S’agissant du choix des secteurs prioritaires pour réussir le redémarrage de la machine économique, l’universitaire Fouzi Mourji incite à recourir à des outils neutres pour éviter de céder aux plaidoyers de groupes de pression. Selon lui, le Tableau des entrées-sorties (TES) constitue un outil précieux pour identifier les secteurs à cibler et les hiérarchiser à partir de plusieurs indicateurs:

- Les secteurs qui créent le plus d’emplois;

- Les secteurs qui exercent le plus d’effets d’entraînement sur d’autres branches (ce tableau fournit en effet le contenu en consommations intermédiaires des diverses branches productives). On sait par exemple que l’activité de la branche des Bâtiments et travaux publics (BTP) stimule l’activité de plusieurs branches en amont, celles qui lui fournissent les inputs nécessaires. D’où l’adage «quand le bâtiment va, tout va»;

- Les secteurs dont les produits sont stratégiques (consommés par beaucoup de branches en aval);

- Les secteurs qui contribuent à l’équilibre de nos échanges extérieurs. Par contre, ceux dont la production a un fort contenu en importation et dont l’activité se traduit par plus de «fuites» ne seront pas à privilégier.

La riposte de l’industrie marocaine face à la pandémie du Covid-19, et surtout la rapidité avec laquelle les opérateurs du textile ont reconverti leur outil de production vers la fabrication de masques de protection, donnent un indice rassurant sur les capacités d’adaptation de l’outil de production national. On ne peut que se réjouir du nombre de prototypes de respirateurs artificiels développés récemment à l’aide d’un savoir-faire multidisciplinaire 100% marocain, appuyé par le soutien des institutions marocaines (universités, OCP, etc.). En faisant preuve d’agilité et d’innovation, ces initiatives ont propulsé le Maroc sur le devant de la scène. L’expérience du Royaume en termes de gestion de cette crise sanitaire est citée en exemple par plusieurs médias internationaux. Le gouvernement El Othmani, qui s’apprête à dévoiler son plan de relance économique, pourrait s’inspirer des ingrédients de réussite de ces modèles maroco-marocains.

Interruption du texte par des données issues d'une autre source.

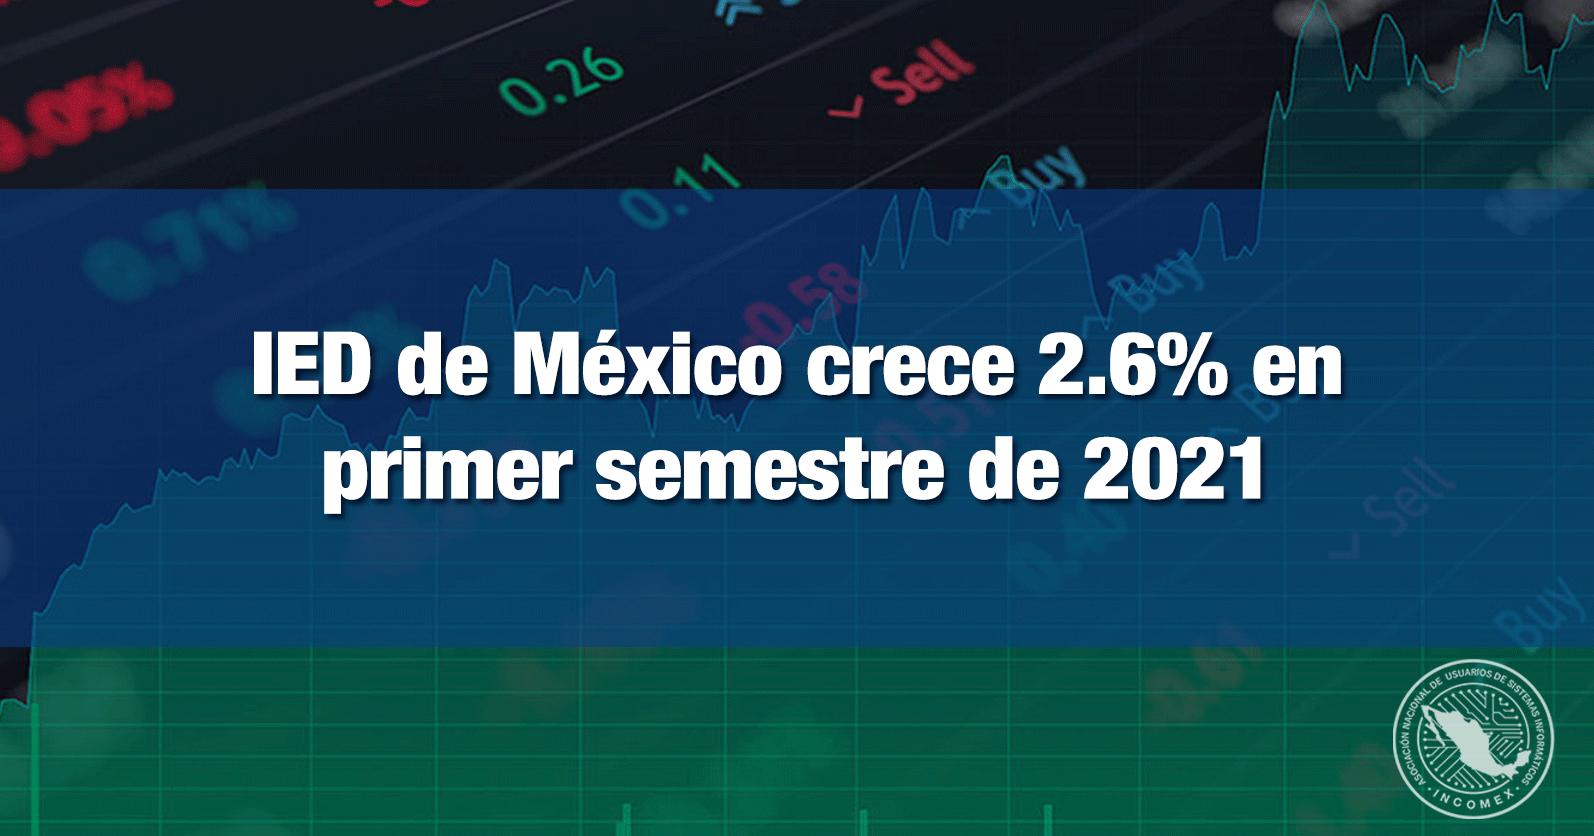 IED de México crece 2.6% en primer semestre de 2021
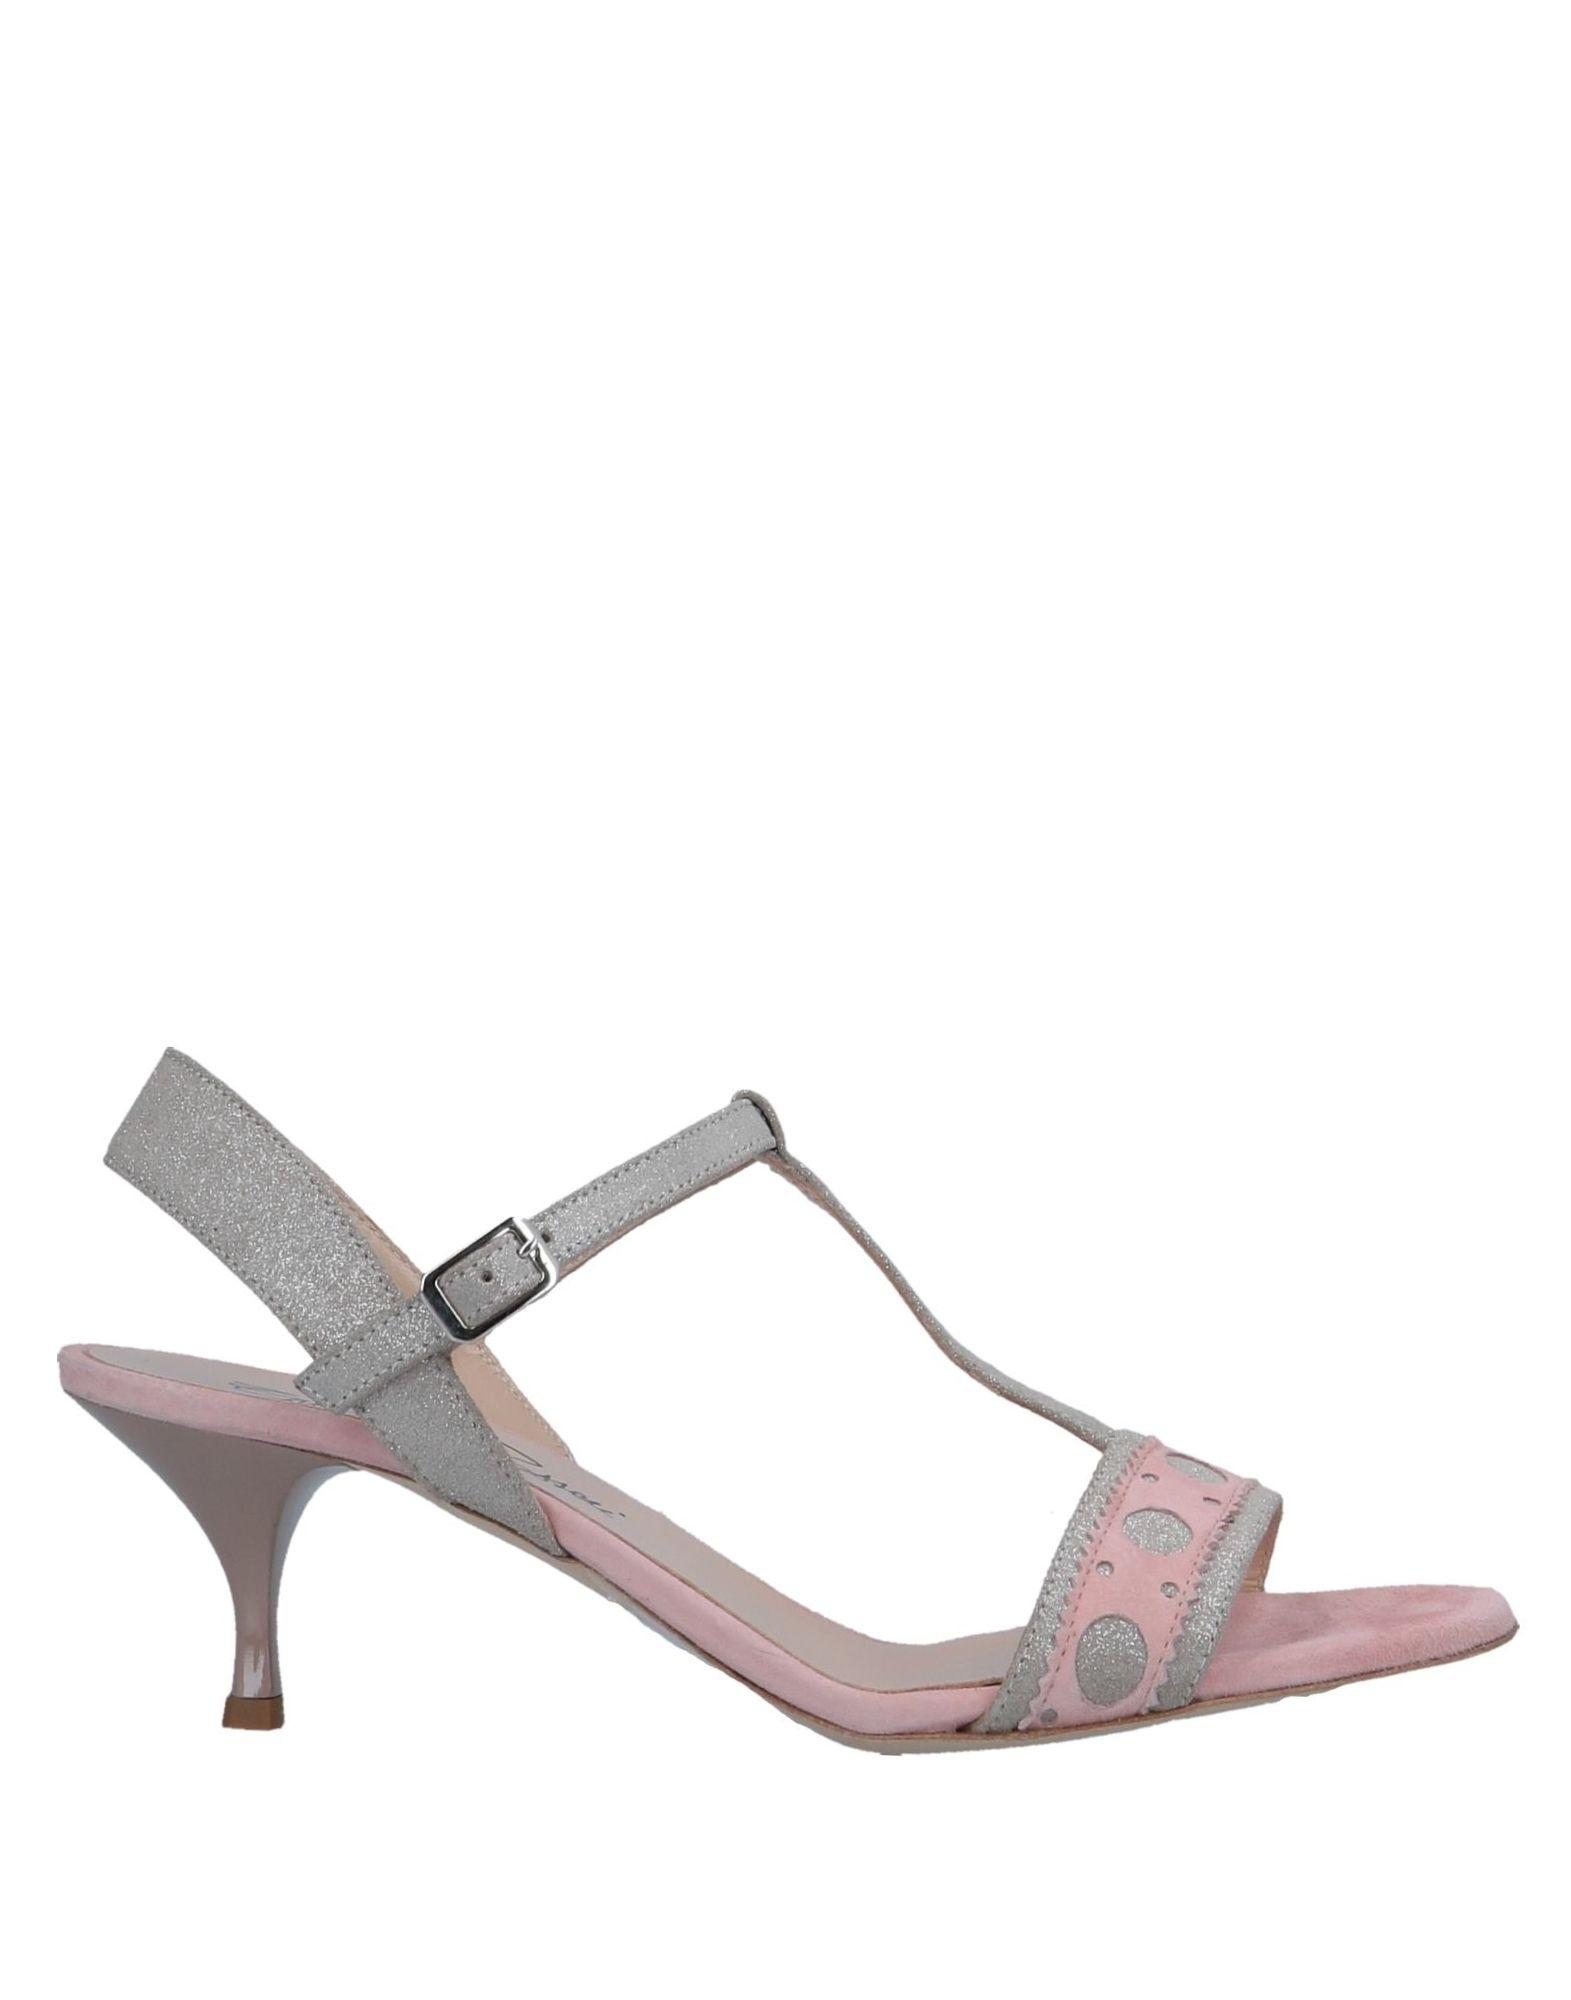 Emanuela Passeri Sandals - Sandals Women Emanuela Passeri Sandals - online on  Canada - 11569251WD 8c8fbe

Favoriser la production et la consommation locales devient une nécessité en ces temps de pandémie. Certes, les opportunités à saisir sont nombreuses. Encore faut-il combattre l’opportunisme malsain. Les marchands de la crise continueront d’exister. Ils ne cesseront de guetter le moindre signal pour s’adonner à leur jeu favori, celui de profiter de la crise pour s’enrichir sur le dos des Marocains. Cela peut aller d’un simple épicier qui décide de son propre chef d’augmenter le prix d’une bonbonne de gaz, jusqu’à l’industriel qui spécule sur l’ouverture imminente de l’export en continuant d’accumuler des stocks colossaux de masques dans des entrepôts clandestins. C’est le cas aussi de ce biologiste marocain qui prétend avoir inventé un test de dépistage du Covid-19, s’estimant snobé par les autorités de son pays qui, elles, préfèreraient les importer d’Asie! Il faut dire que la manière dont cette trouvaille a été «vendue» par un média électronique a laissé penser que la start up en question avait inventé des machines d’extraction d’ARN, alors qu’il s’agit juste d’écouvillons (coton-tige) servant au prélèvement nasal. Le lobbying de ce média en faveur de marchands de guerre donne une idée du nombre d’opportunistes qui véhiculent de fausses informations, n’hésitent pas à faire jouer la fibre nationale, pour vendre une production illusoire. «Au lieu de crier au scandale, cette stat up devrait nous vendre des machines d’extraction qui traitent 120 prélèvements en même temps. C’est cela le vrai test de dépistage à la PCR et non pas des cotons-tiges, pas même compatibles avec les machines dont disposent les laboratoires», s’indigne une source au ministère de la Santé.

Moralité: de la même manière qu’il faudra encourager la production et la consommation locale, il faut aussi lutter contre les marchands de la crise.